Moreover, in developing countries, in rural areas, there is no system that gives a solution for solving these problems and monitoring self-health remotely.
3 Related Literature
3.1 Sensors and Wearables
Wearable sensors are electronic devices that any user can wear on their body and are capable of doing expected processes in convenient ways. Recent advances in security, industries, health, home life, microelectronics and data analysis techniques have been possible for using wearable technology to achieve more benefits and a health outcome. In the past years, the size of health care monitoring electronics used in medical centers made them too difficult to use. In recent years, such difficult electronics have been replaced by wearable sensor devices to gather human physiological data, providing strong security, improving human life style and to gathering movement data. Now, wearable sensors can now be deployed in digital health monitoring systems with circuits, wireless data communication protocols, and microcontrollers.
In the mid-2000s, wearable sensors, watches, clothes, shoes, umbrellas, etc., with wireless communication technology are fully integrated as a complete device used in medical (hospitals) for monitoring medical care.
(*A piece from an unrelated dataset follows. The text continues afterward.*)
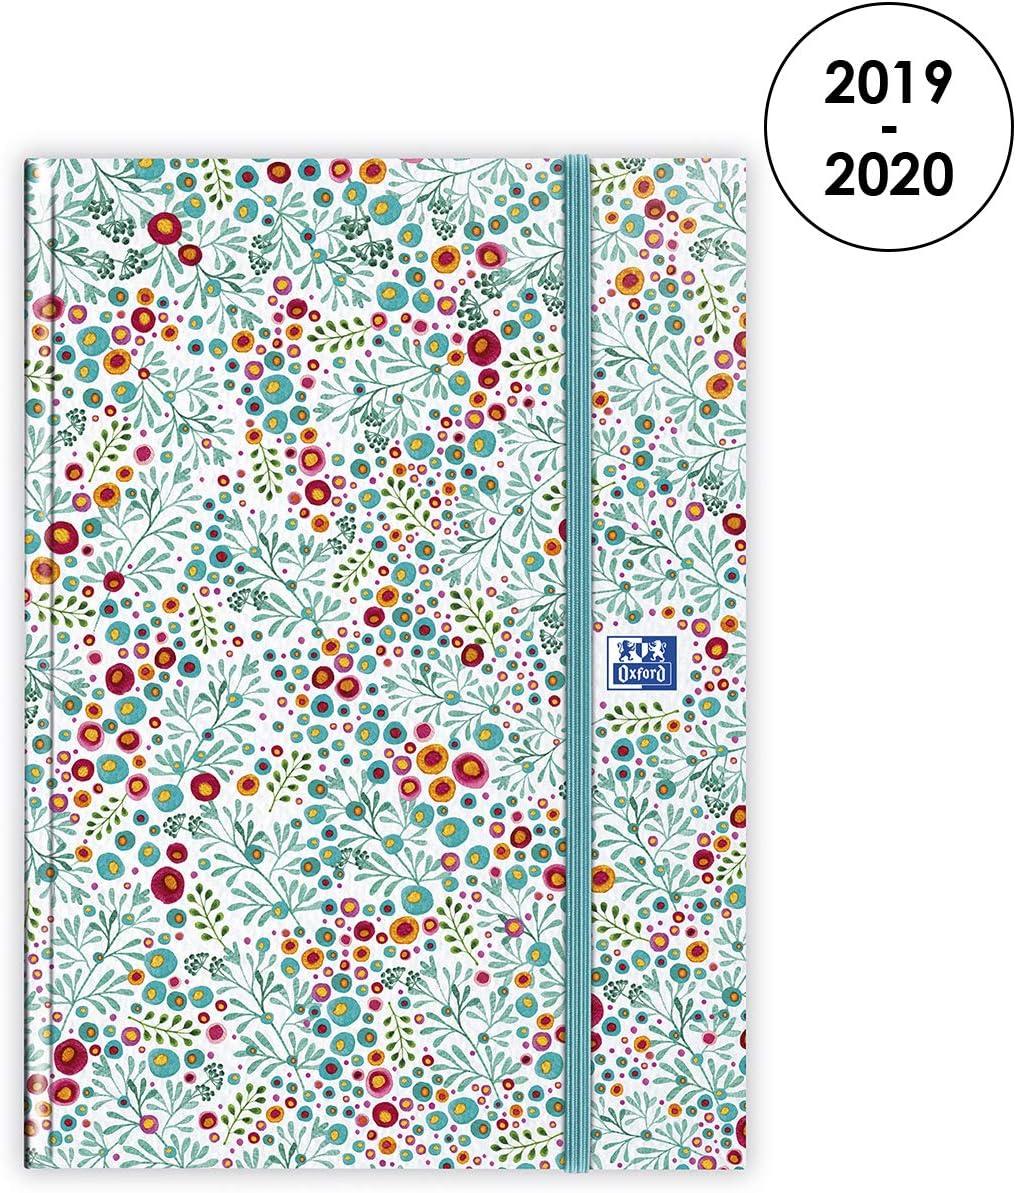 Oxford Flowers - Agenda 2019 – 2020 de agosto a agosto (1 día por ...

Advanced wearable technology used to collect and measure the physiological signals and human movement has the potential impact on physical medicine and rehabilitation (Bonato, 2005).
Researchers have (You et al., 2017) developed mobile-based physiological data monitoring systems that perform monitoring and analysis of tasks regarding human physiological vital signs value. The system combines the wireless communication technology and wearable sensors worn on the human body to obtain physiological data. The system performs classification and analysis activities for individual patient records and stores it from where authorized persons are able to access the data for future tasks. The main problem of this system is delay time during data classification and analysis.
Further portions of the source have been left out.